→ **TASK DETAILS**: Take the lines from the one with "young men in" through the end of the material below and repeat them exactly, dropping every picture.

→ **DATA BLOCK**:
==*==

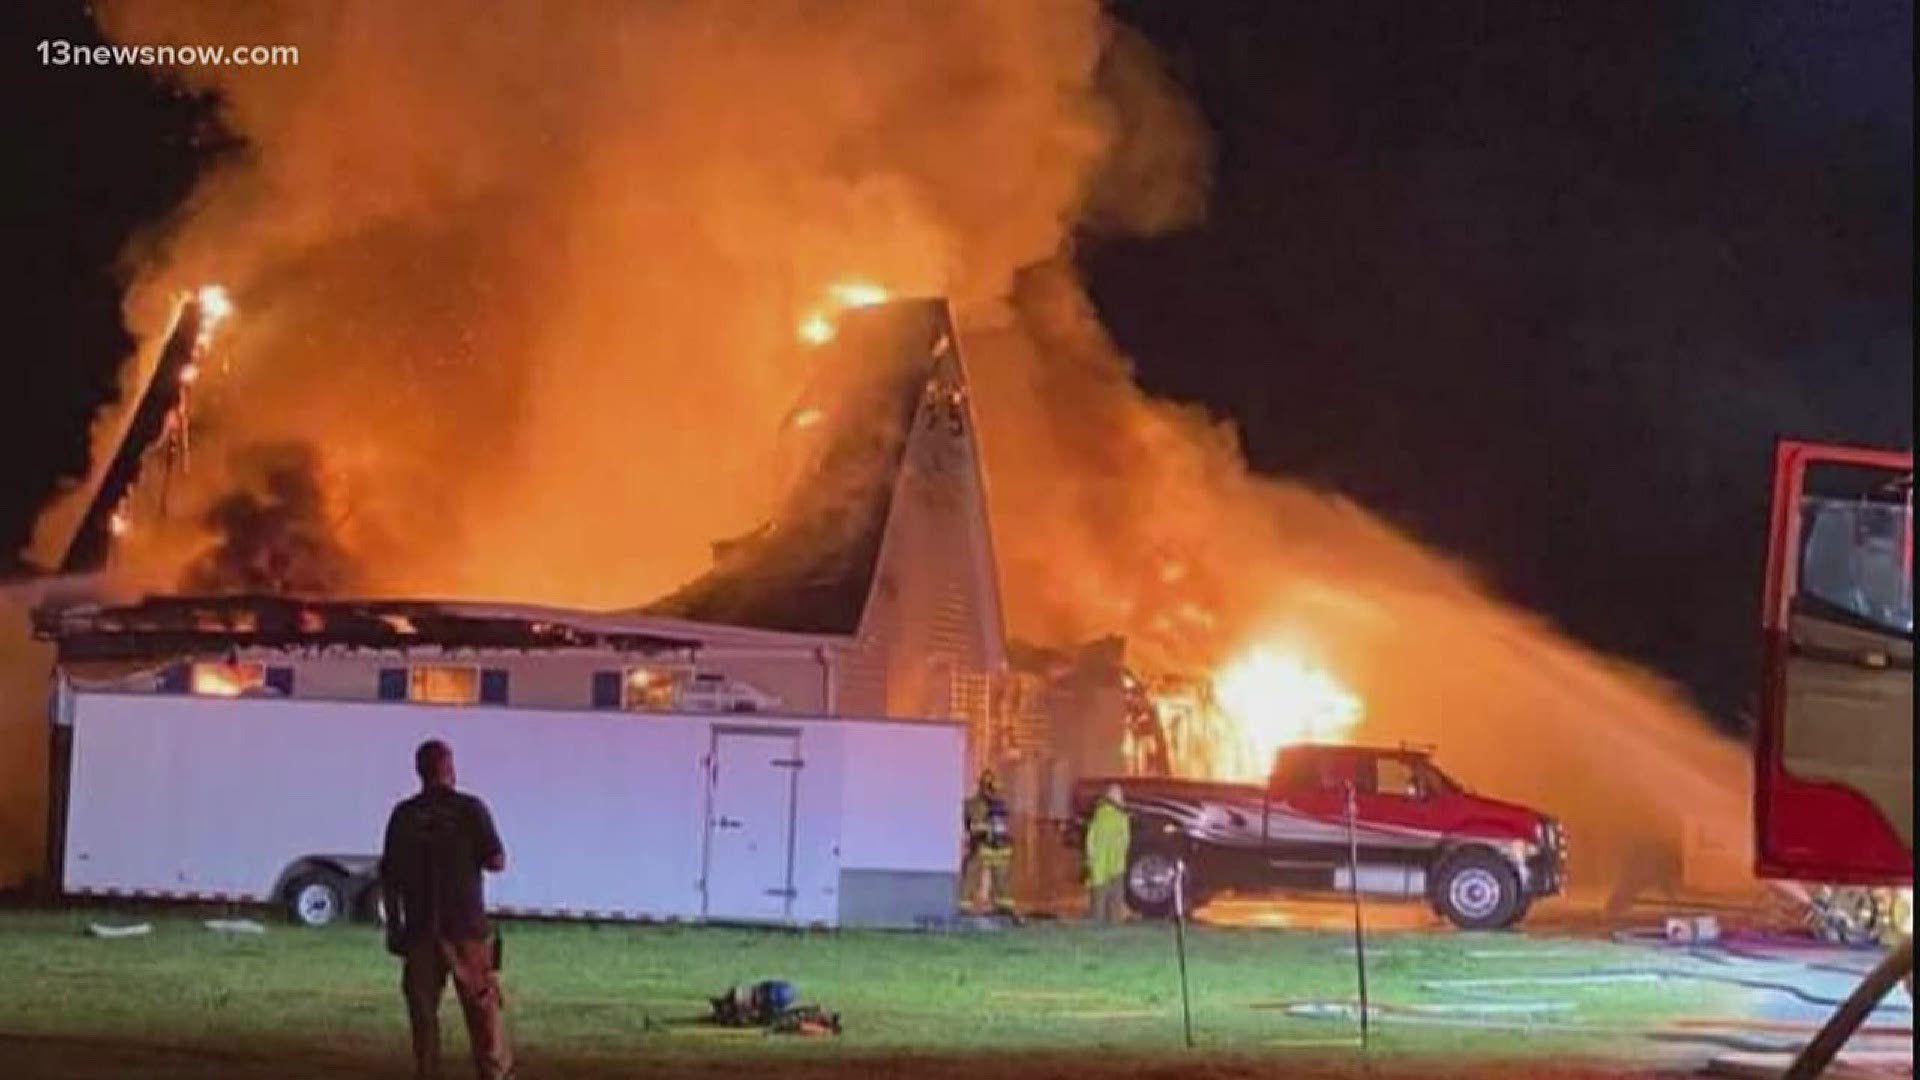 The fire happened in the town of Painter, Virginia in Accomack County.
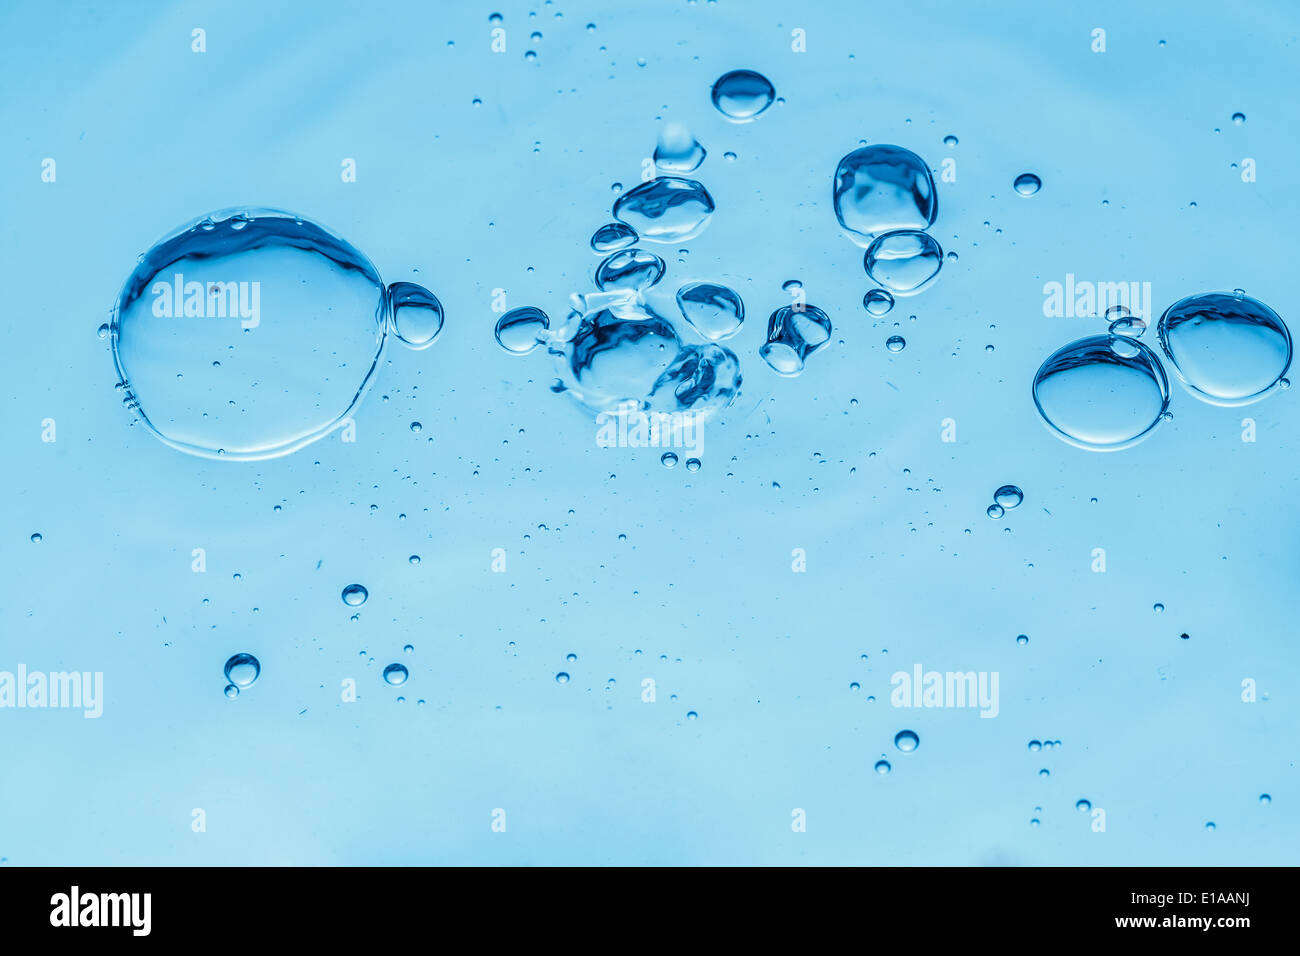 very nice abstract background of blue water drops from splash Stock Photo
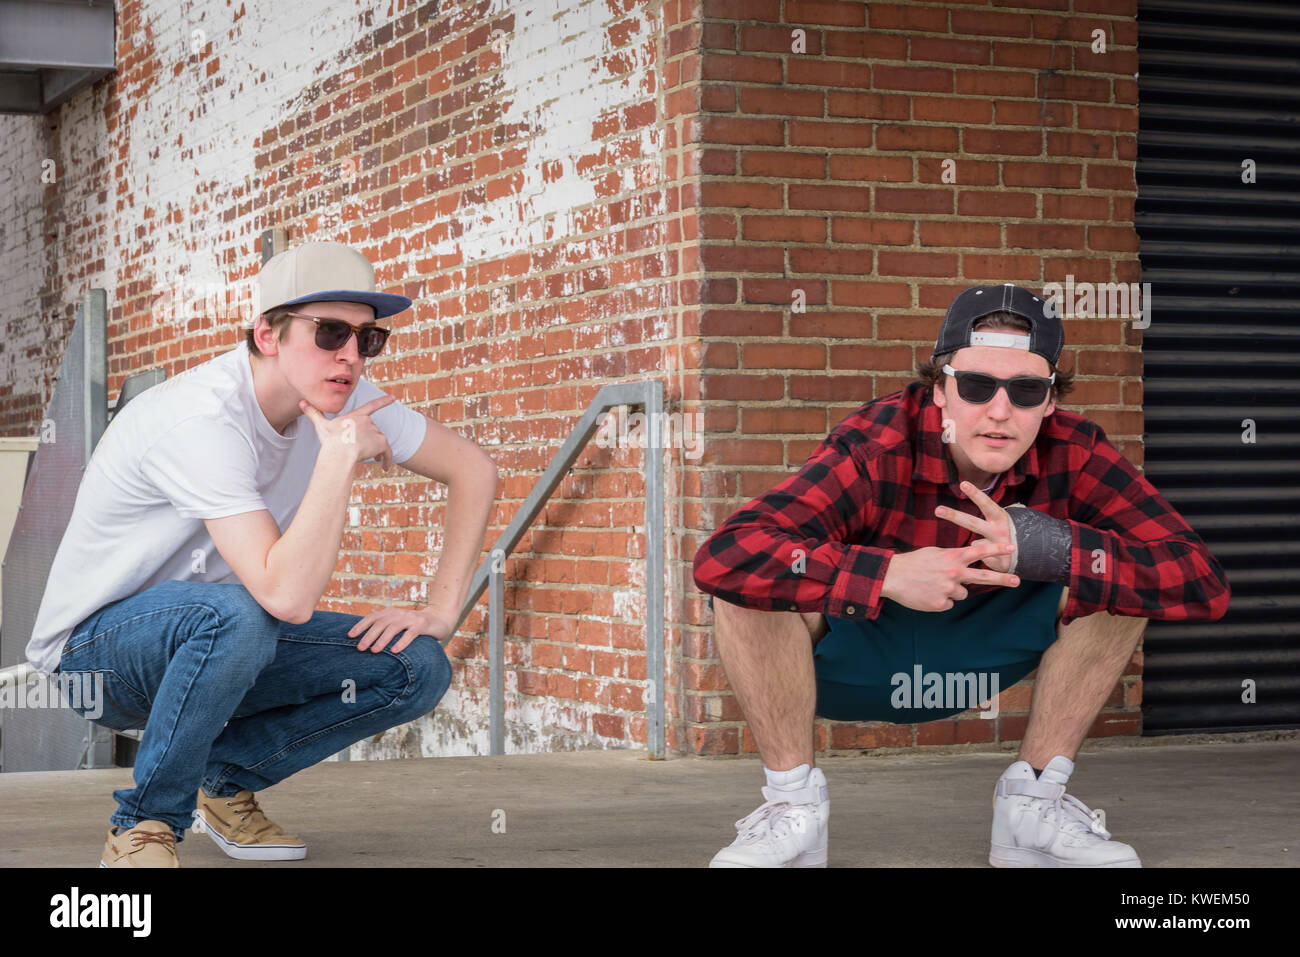 young men in sunglasses and snap back caps posing on loading dock with brick wall Stock Photo
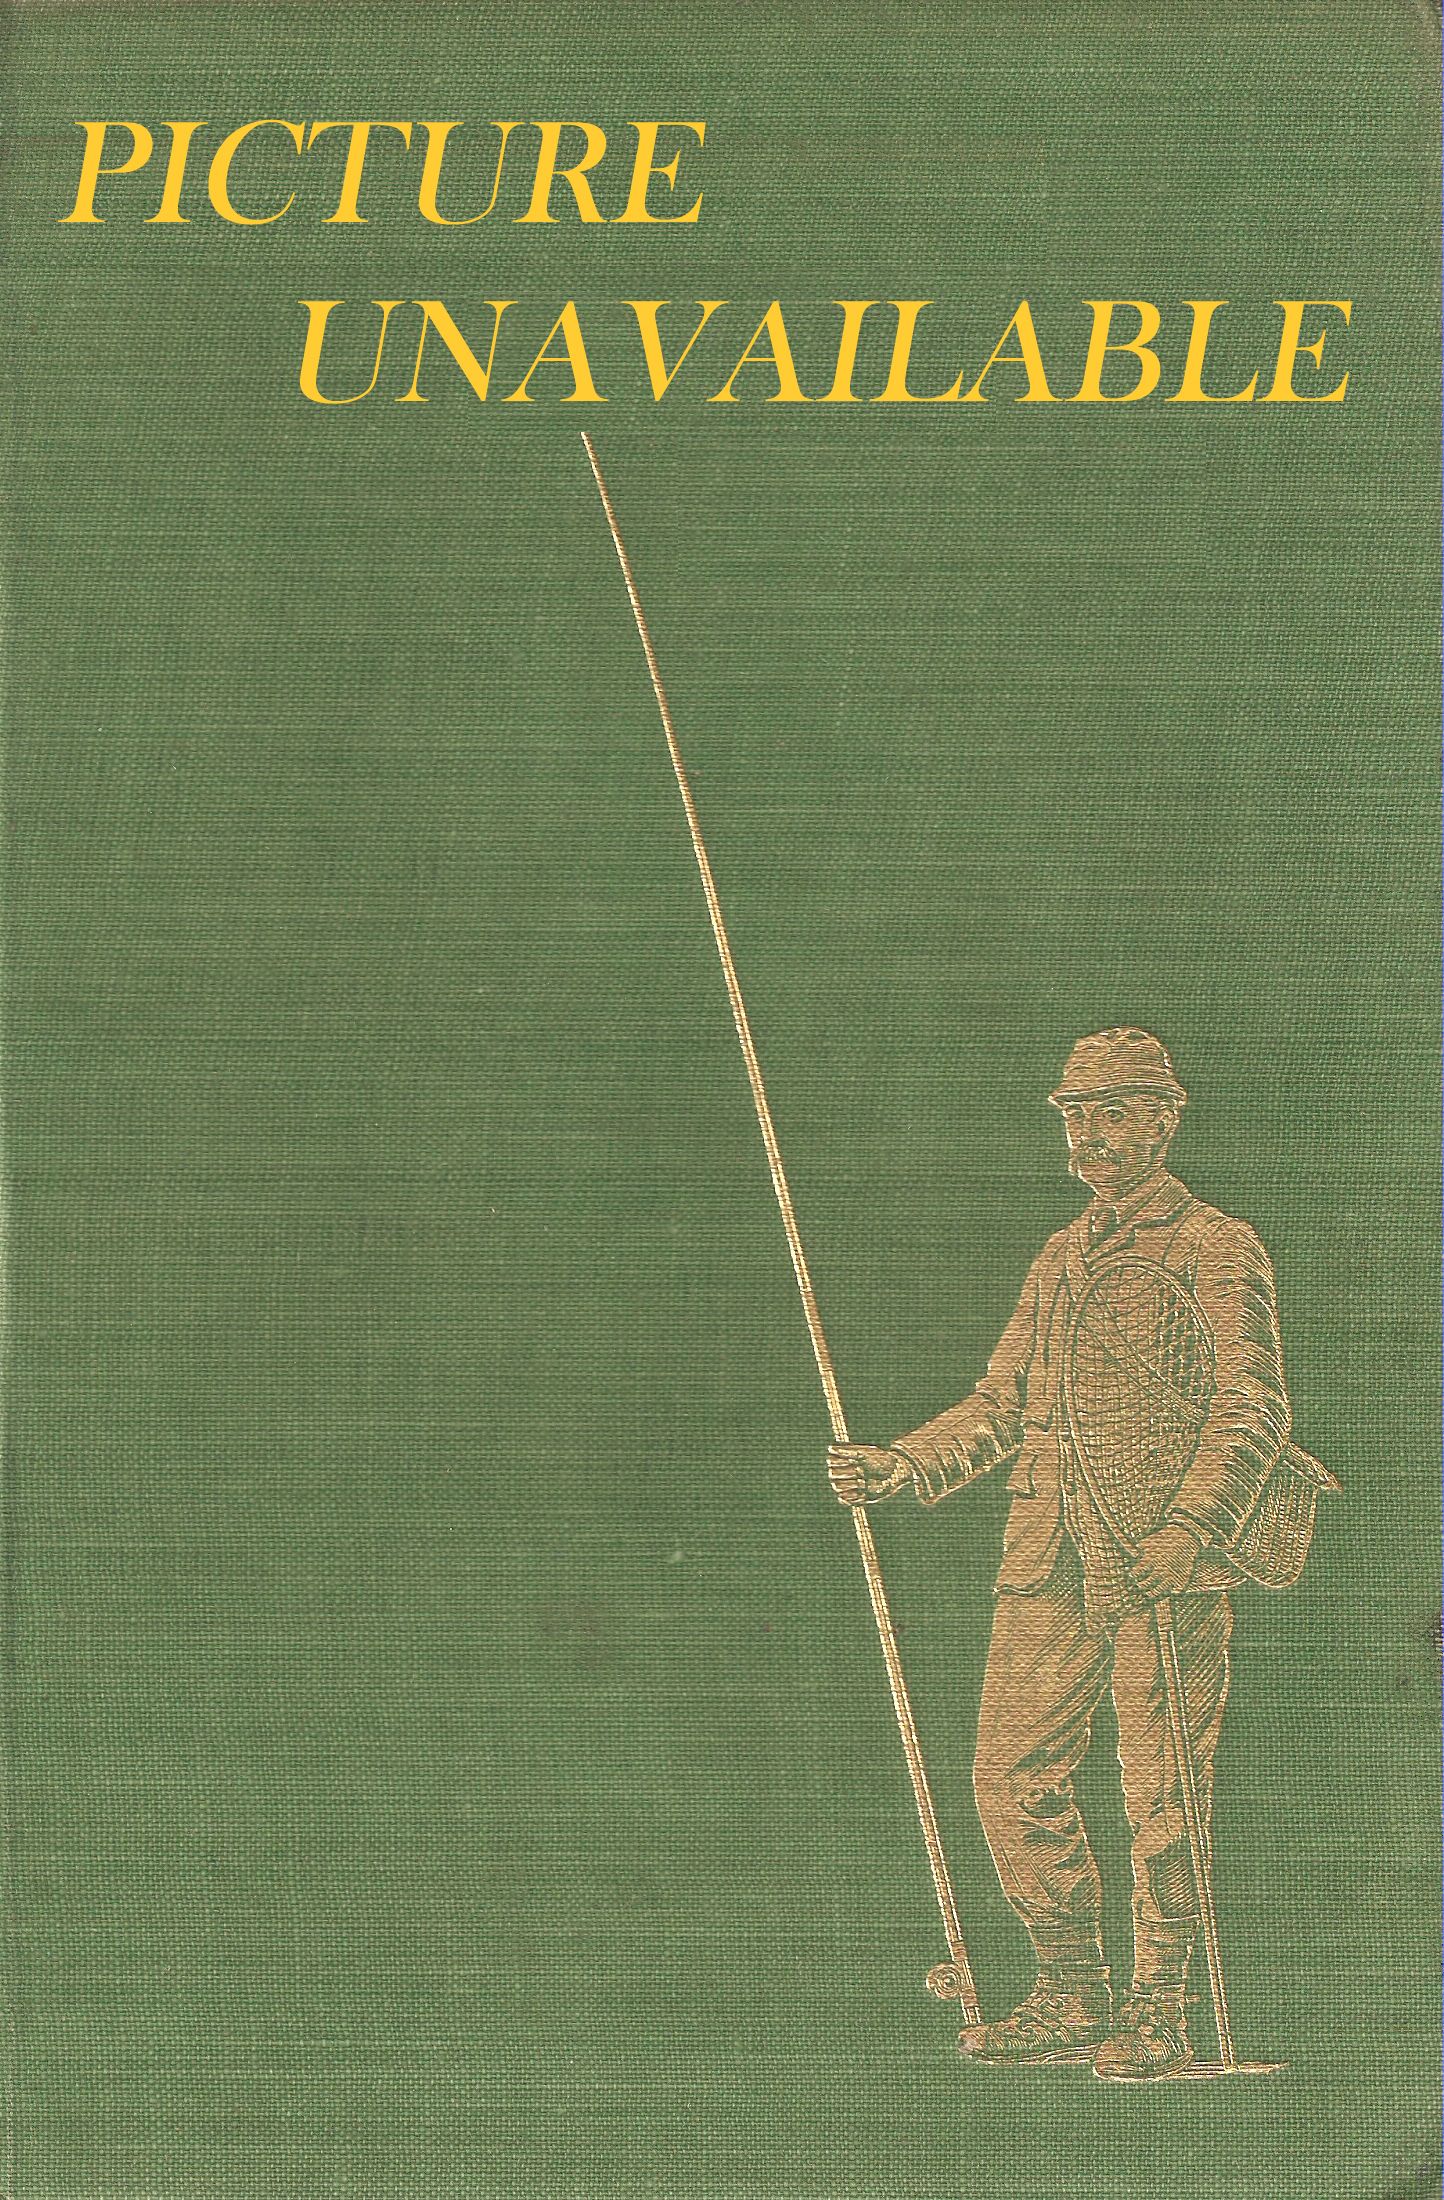 A MODERN TREATISE ON PRACTICAL COARSE FISH ANGLING: HOW TO CATCH FISH. By  Henry Coxon. Leather-bound edition.

==*==

→ **EXPECTED ANSWER**:
 young men in sunglasses and snap back caps posing on loading dock with brick wall Stock Photo
 A MODERN TREATISE ON PRACTICAL COARSE FISH ANGLING: HOW TO CATCH FISH. By  Henry Coxon. Leather-bound edition.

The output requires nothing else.